■ Exercise aim:
The lines to retype run from the one containing "Lanvin \N Grey" through the end of the listing below. Reproduce them exactly, leaving out pictures.

■ Given data:

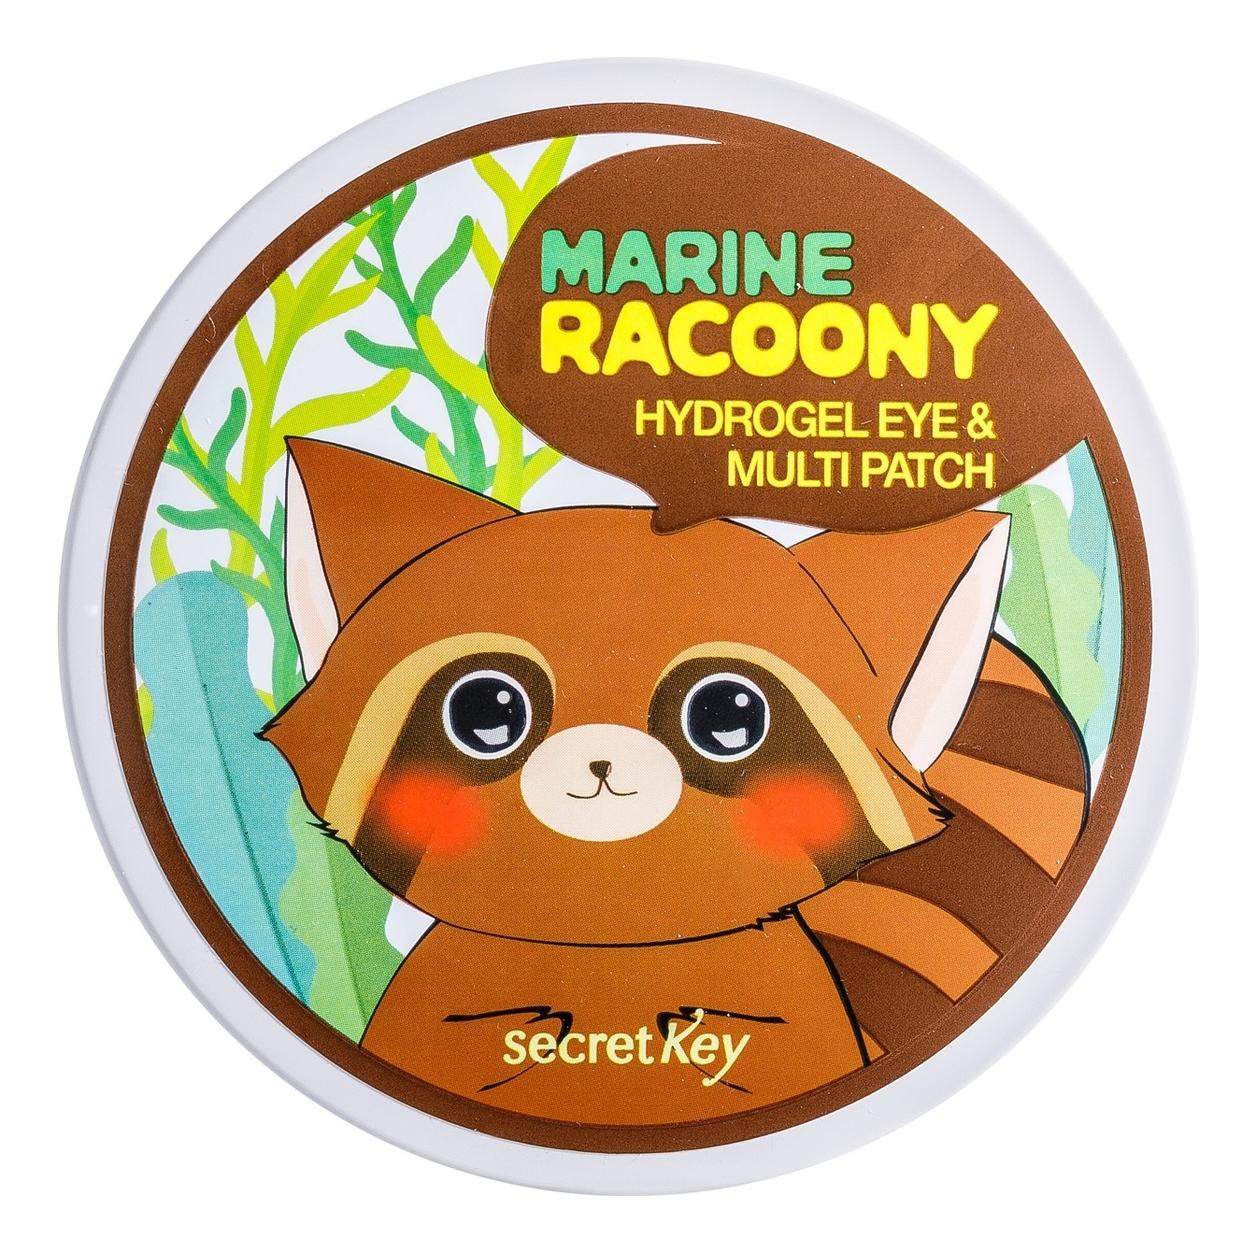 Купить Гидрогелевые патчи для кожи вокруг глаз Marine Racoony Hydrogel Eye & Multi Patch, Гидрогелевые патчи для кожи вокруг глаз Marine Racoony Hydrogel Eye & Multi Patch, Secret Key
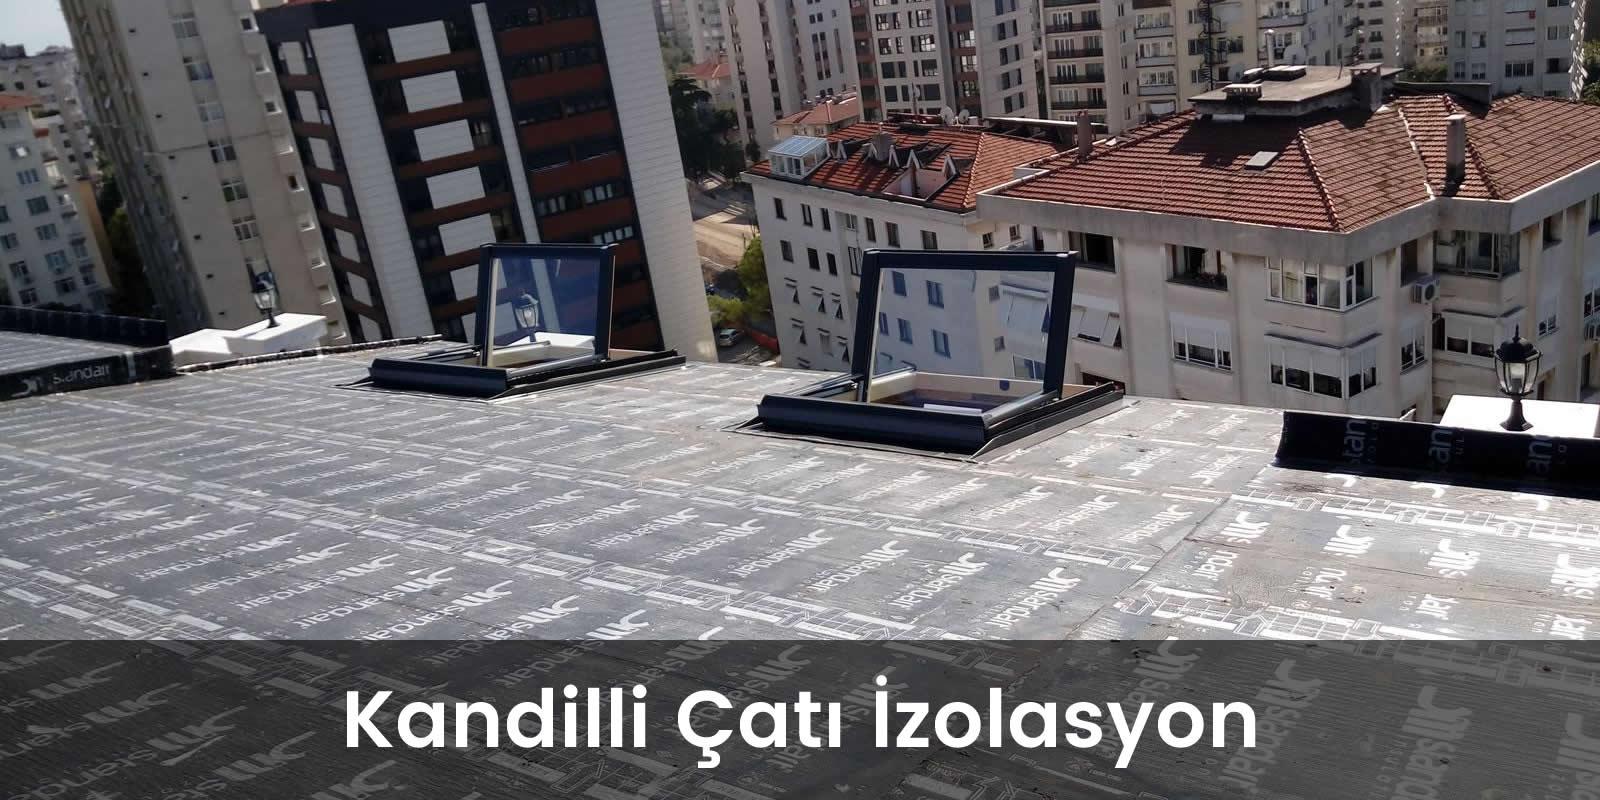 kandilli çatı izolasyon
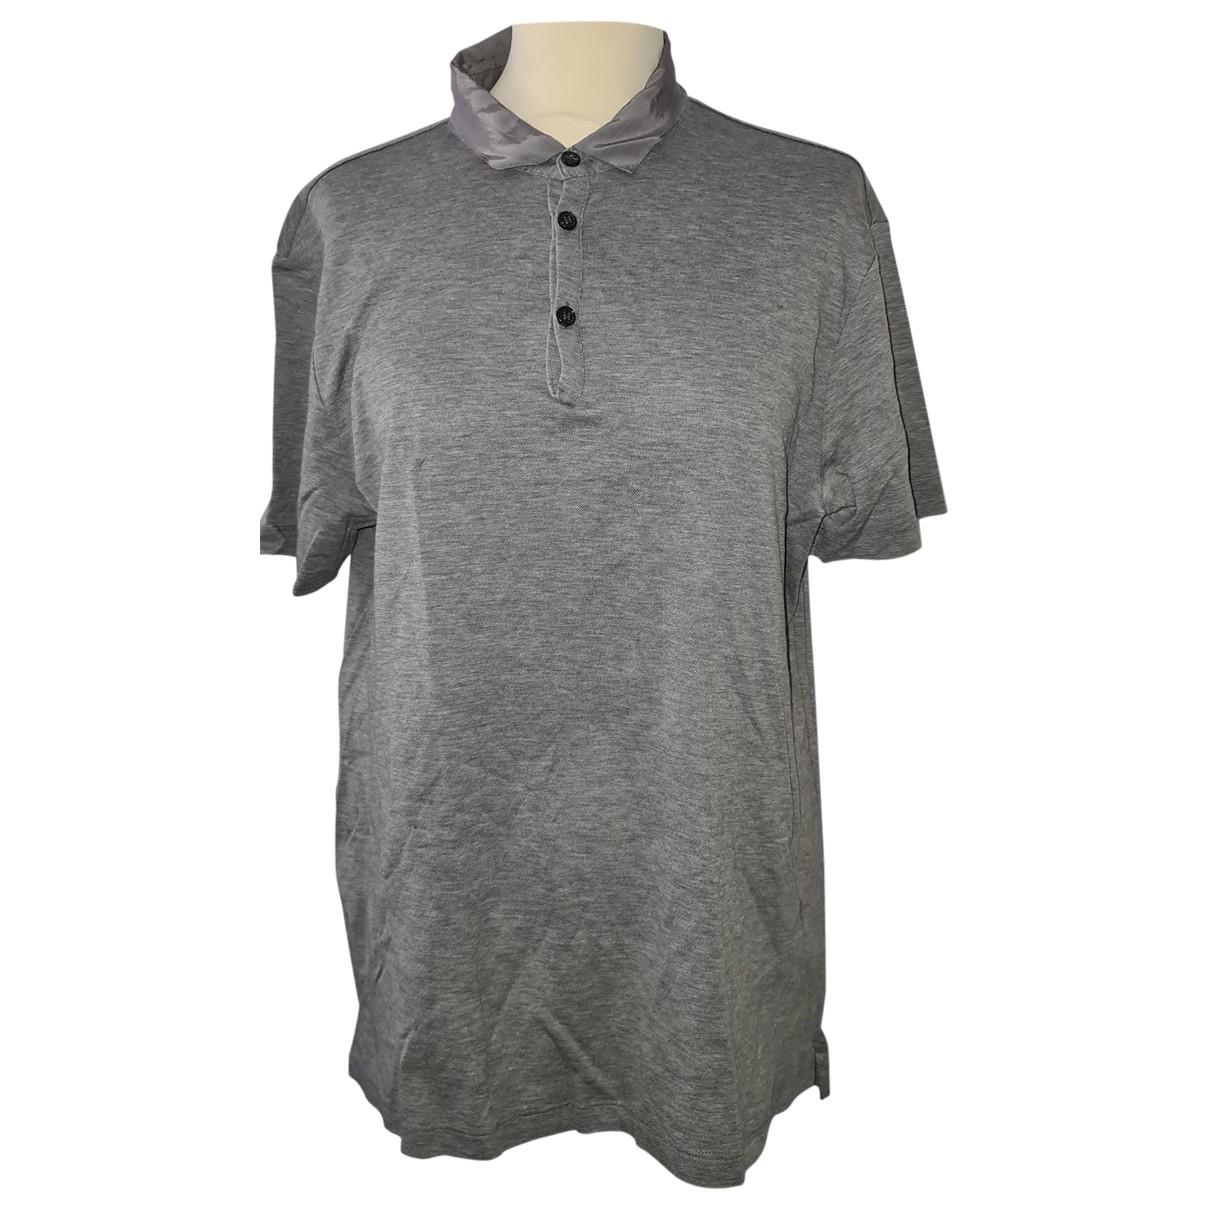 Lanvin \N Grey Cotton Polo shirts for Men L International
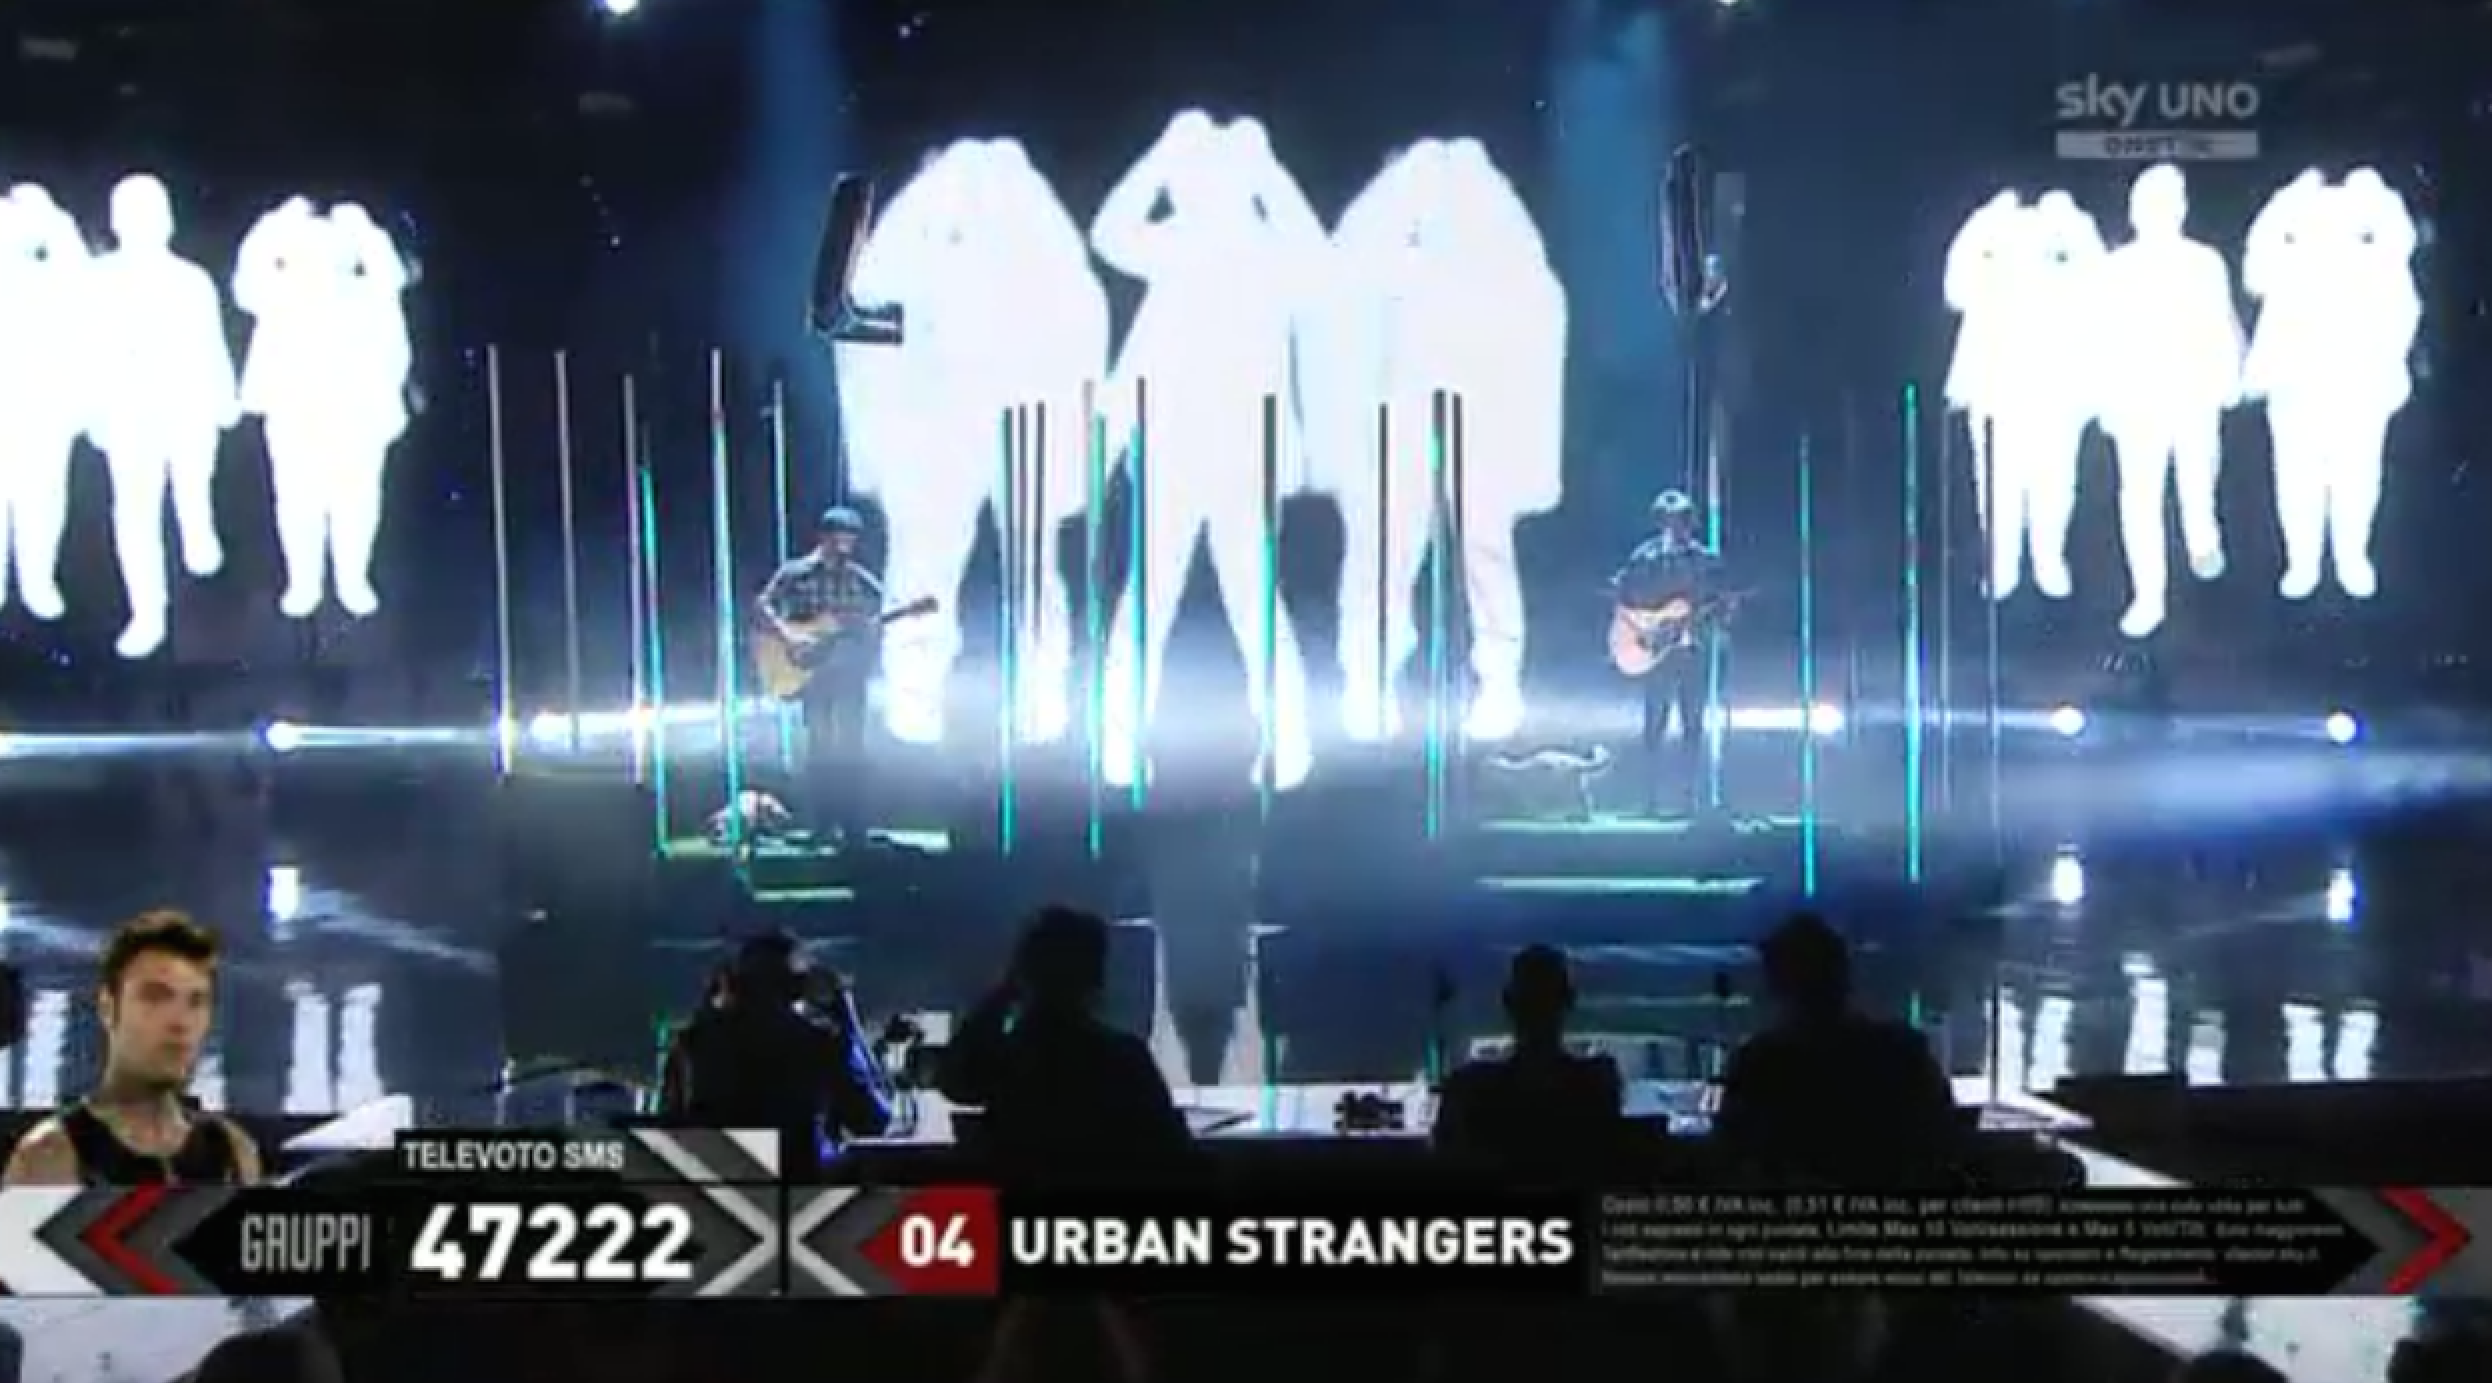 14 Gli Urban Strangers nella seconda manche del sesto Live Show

■ Task output:
 Lanvin \N Grey Cotton Polo shirts for Men L International
 14 Gli Urban Strangers nella seconda manche del sesto Live Show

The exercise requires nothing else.